BP All right, then without further ado, Eitan, welcome to the program and thanks for joining us.

Eitan Worcel Thanks for having me guys. I really appreciate the opportunity here.

BP So tell folks just quickly, how did you get into the world of software development and what led to you founding a security company with AI in the mix?

EW My journey into software development started the previous millennia during the dotcom era. I went to college to learn computer science with the plan to retire before the age of 30. That didn't happen. I found my way into the cybersecurity market in 2007 as I joined as a developer in a company named Watchfire, working on the first automated DAST scanner named AppScan. After a few years, I switched sides and moved to product management. I moved to the US in 2016, and my last role before starting Mobb was the Head of Product for the entire AppScan business which is a mix of technologies to find vulnerabilities within your applications. Now, at the end of 2021, I left my company and then I joined forces with Jonathan Afek, who is my CTO, and we went to start Mobb with the goal to make a big change in the application security space and the security space as a whole. Instead of focusing on tools that find problems, try to solve problems. That's what we're doing today.

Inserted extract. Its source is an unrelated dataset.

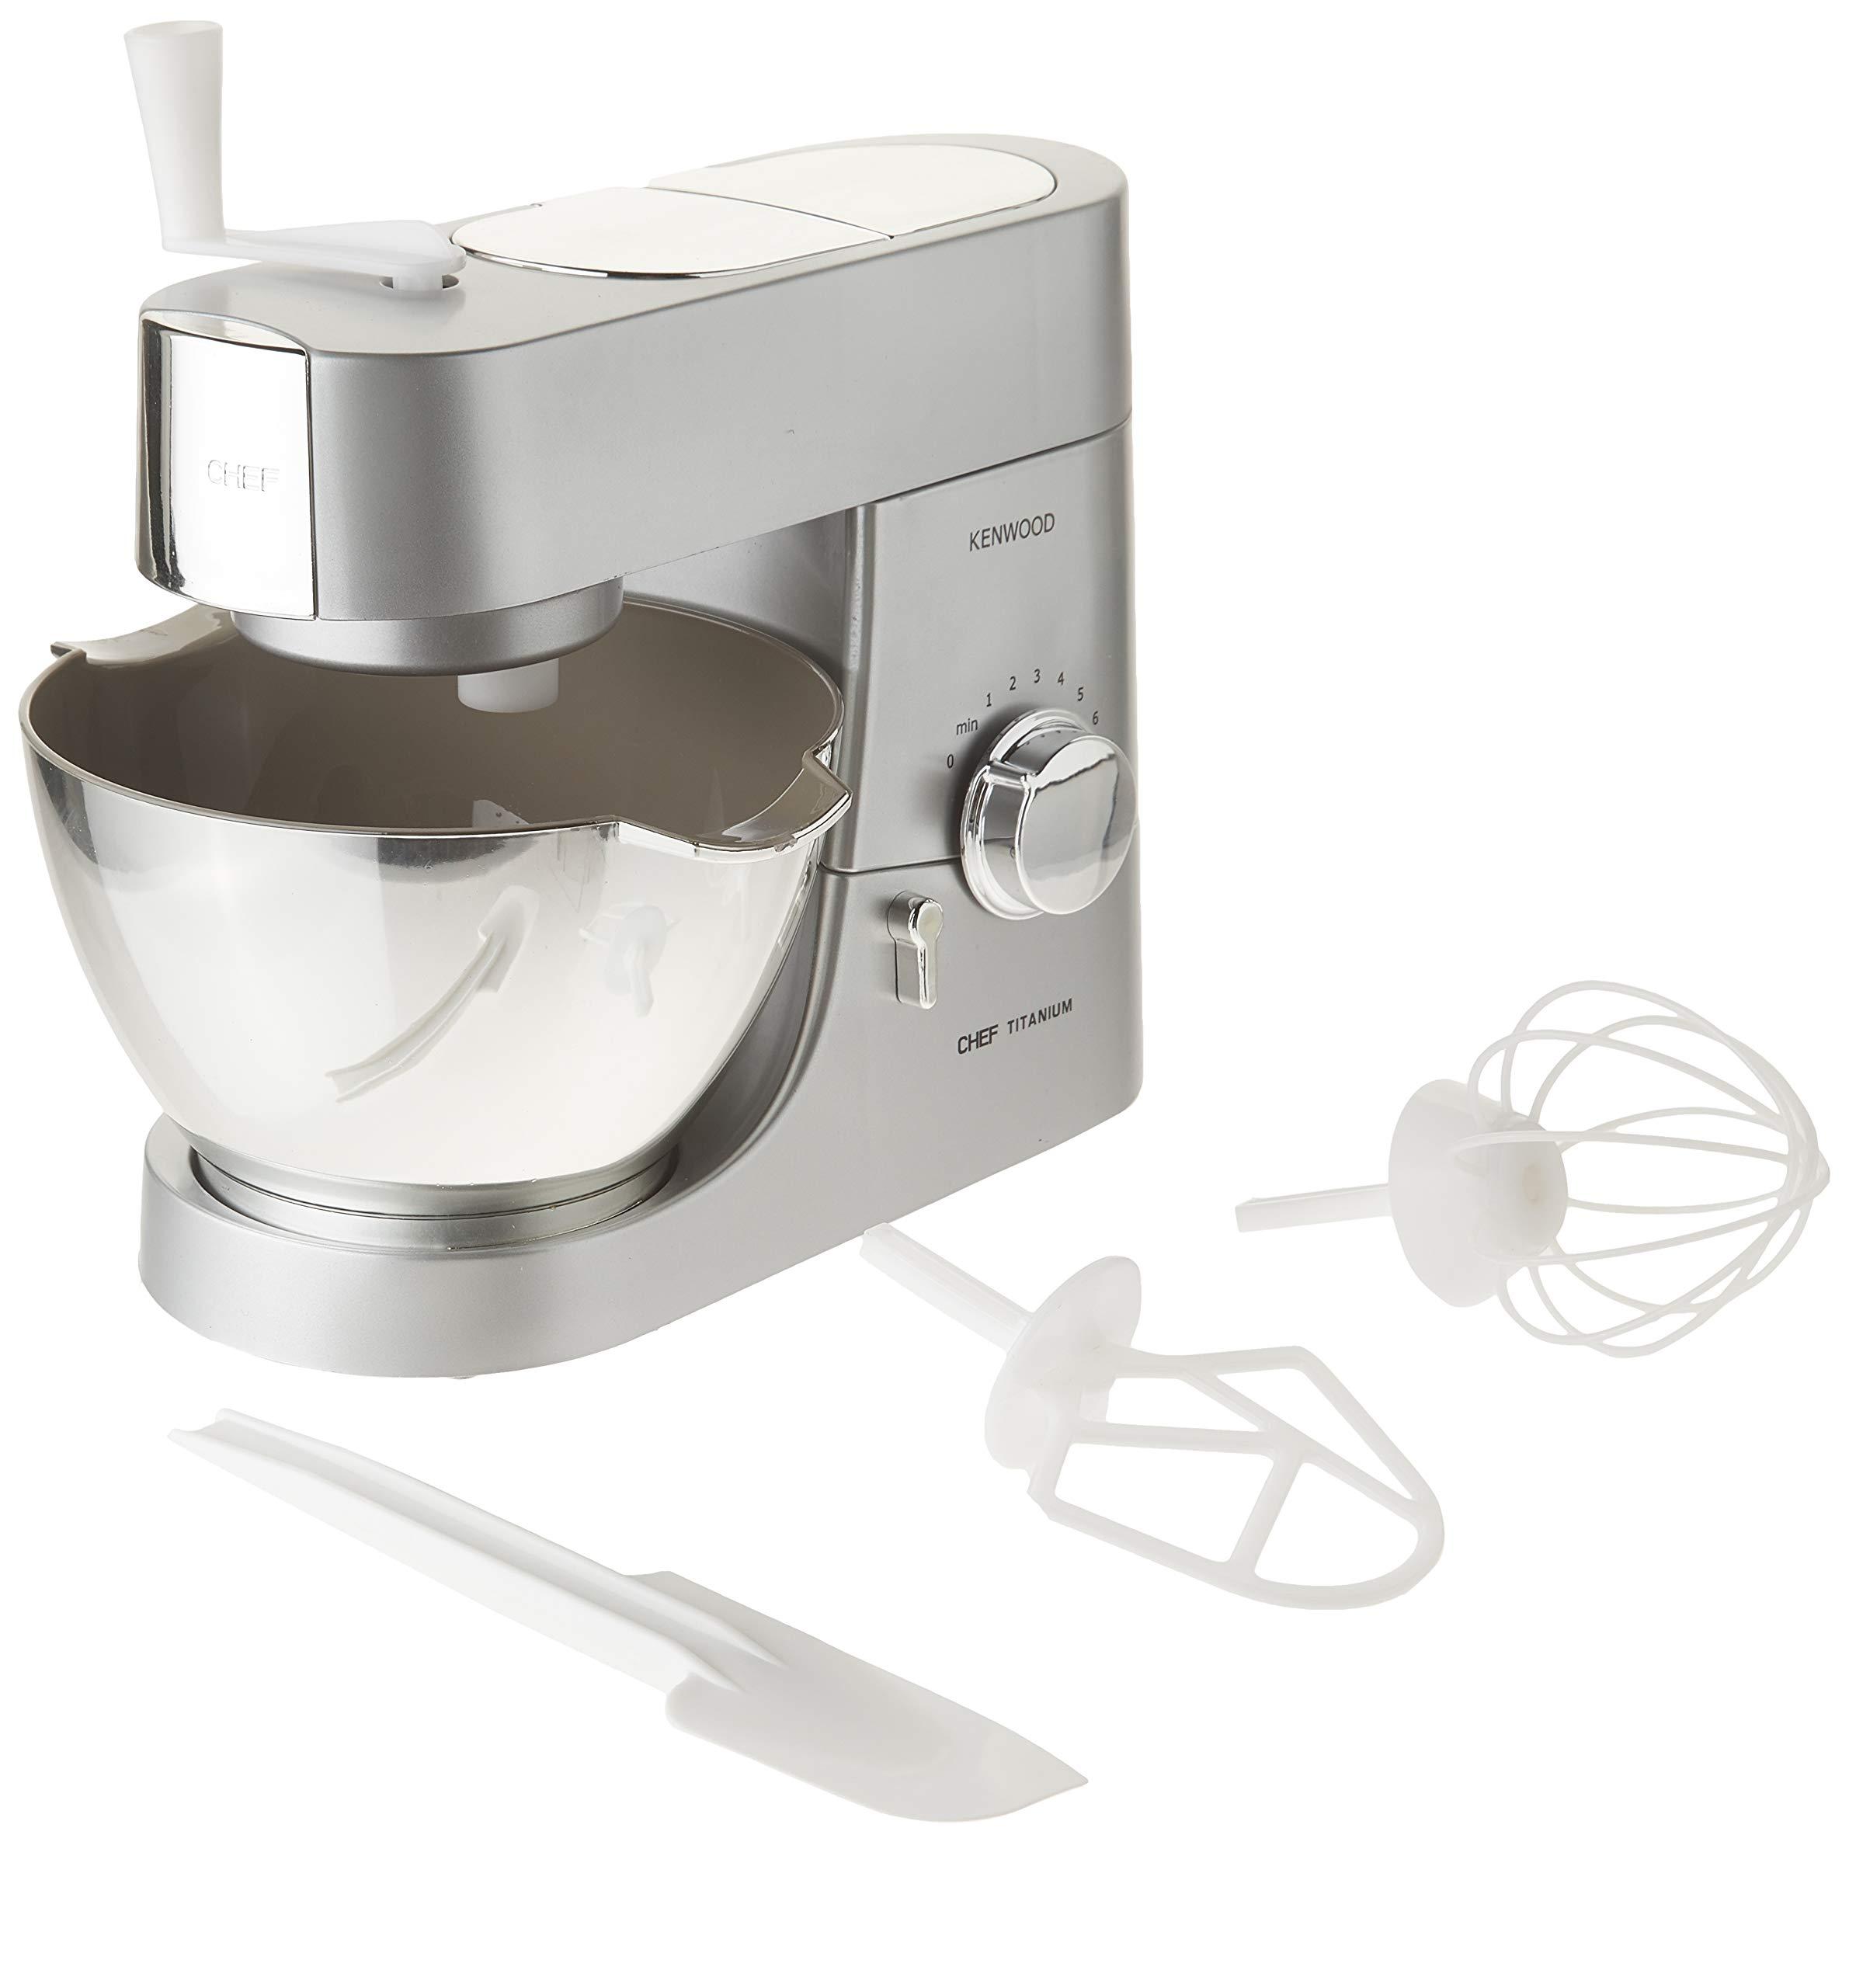 CASDON Little Cook 63502 Kenwood Toy Mixer, Silver/Chrome Effect by CASDON

RD So you've obviously been in the security space for a while working on the dynamic application security testing. How does AI change everything? I mean, not everything– the security.

EW It changes a lot. I think that AI in general, not just Gen AI, but AI in general is good at doing a lot of repetitive work instead of manual work. There is a lot of repetitive work in security in general and application security in specific. We are focusing at the moment on a technology called static analysis, which is scanning the application source code, first party, the code that your developers are writing, in order to find vulnerabilities. And what we want to do is take those reportings and fix them automatically. Doing it manually is not working. For many years, that just didn’t work, and AI helps us significantly in how we are able to remediate the reported findings.

BP Can you just give us a really simple example? Somebody has a mobile app or they have a cloud offering that people get to through the web. They agree to work with you, and so you have access to their sort of first party code. What would you go through and look for? And if it was found, how would your AI assistant go about solving that without introducing new complications?

EW So I do want to make one distinction. I know of other approaches of remediating vulnerabilities where you send it on an AI model that you either tuned or created and expect things to be fixed. We tried that approach, it didn't work. Our approach is more of ‘we build a fix and we use the AI to enhance our coverage on that fix.’ And what I mean with that is, to your point, let's say I'm a developer and I'm writing my code and I'm committing my code now to GitHub. I may already have some security scanner checking my code to see if there are vulnerabilities, and in most cases, it will find some and report some vulnerabilities. As a developer, at this point I need to fix them or ignore them, sadly. What Mobb does now is it will take the results of that scanner, identify the problem, let's say SQL injection which is a very known one. We know what the root cause of this problem is. We have patterns to find that root cause, and with a mix of our algorithms and Gen AI which we call Hybrid AI, we will generate a fix for the developer, present that fix to the developer in their GitHub so they don't need to go anywhere. They stay in what they know and love and can evaluate the fix and commit it. And to your question earlier of how do we not introduce new problems, that is because we don't go the easy route of, “Hey AI, fix this for me.” It's more of, “Hey AI, here's the fix. I had 98% of it, I just need your help in locating this pattern,” let's say, where we give the AI simple atomic tasks like string manipulations and searches that AI is good at. No risk for contamination with IP that you don't own, no risk for hallucination because the tasks are very, very narrow with what we are using it for.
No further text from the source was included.